- What is required
As soon as the line containing "Shop Hooey Men's" appears in the material below, start returning lines exactly, and end with the line containing "Chain necklace Mohandas".
** Opening Record excerpts block **
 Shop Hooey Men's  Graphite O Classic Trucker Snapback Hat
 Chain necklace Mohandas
** Closing Record excerpts block **
** Opening Record excerpts block **
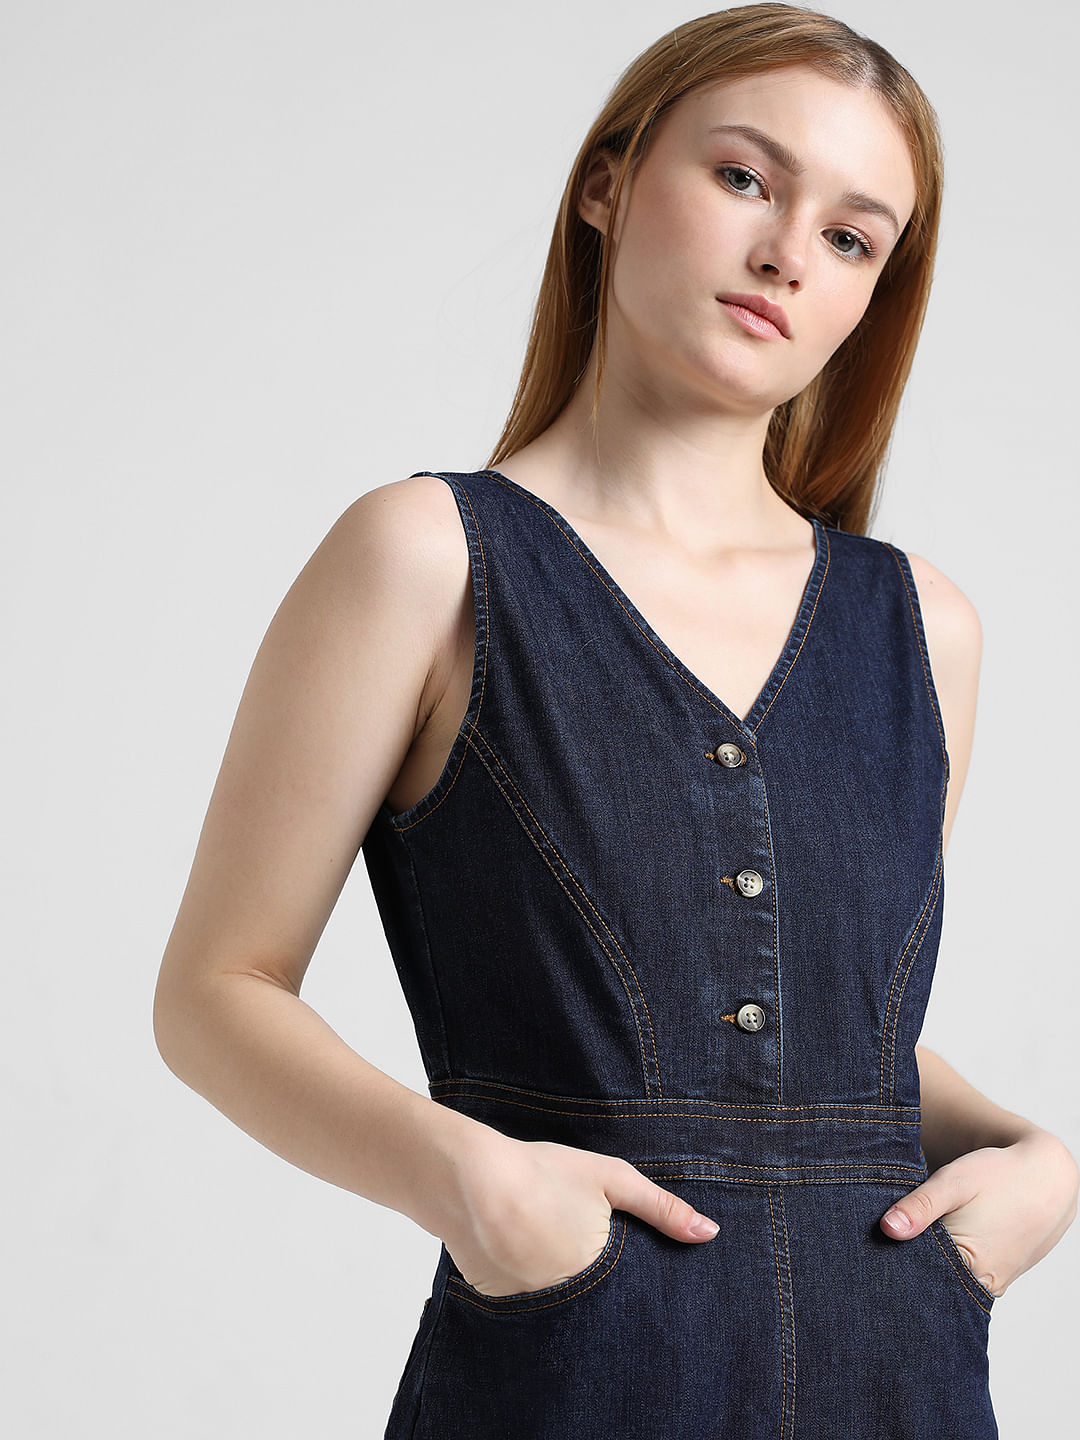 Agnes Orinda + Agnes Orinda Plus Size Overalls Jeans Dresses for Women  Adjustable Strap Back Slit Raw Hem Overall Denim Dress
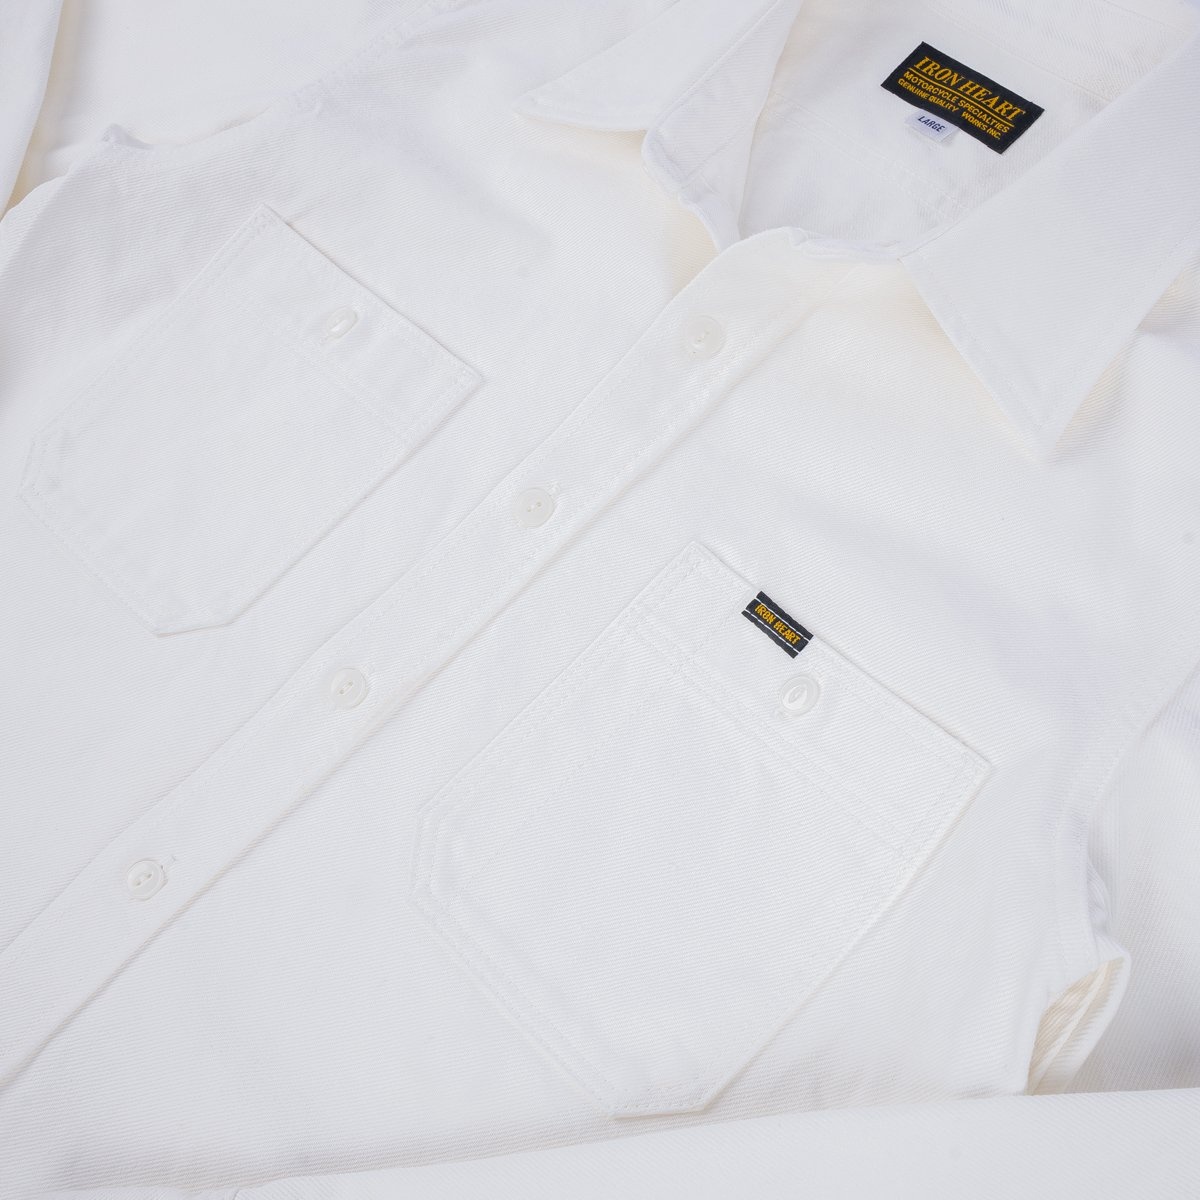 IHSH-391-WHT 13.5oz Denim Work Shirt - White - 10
** Closing Record excerpts block **
- Exercise solution
 Shop Hooey Men's  Graphite O Classic Trucker Snapback Hat
 Chain necklace Mohandas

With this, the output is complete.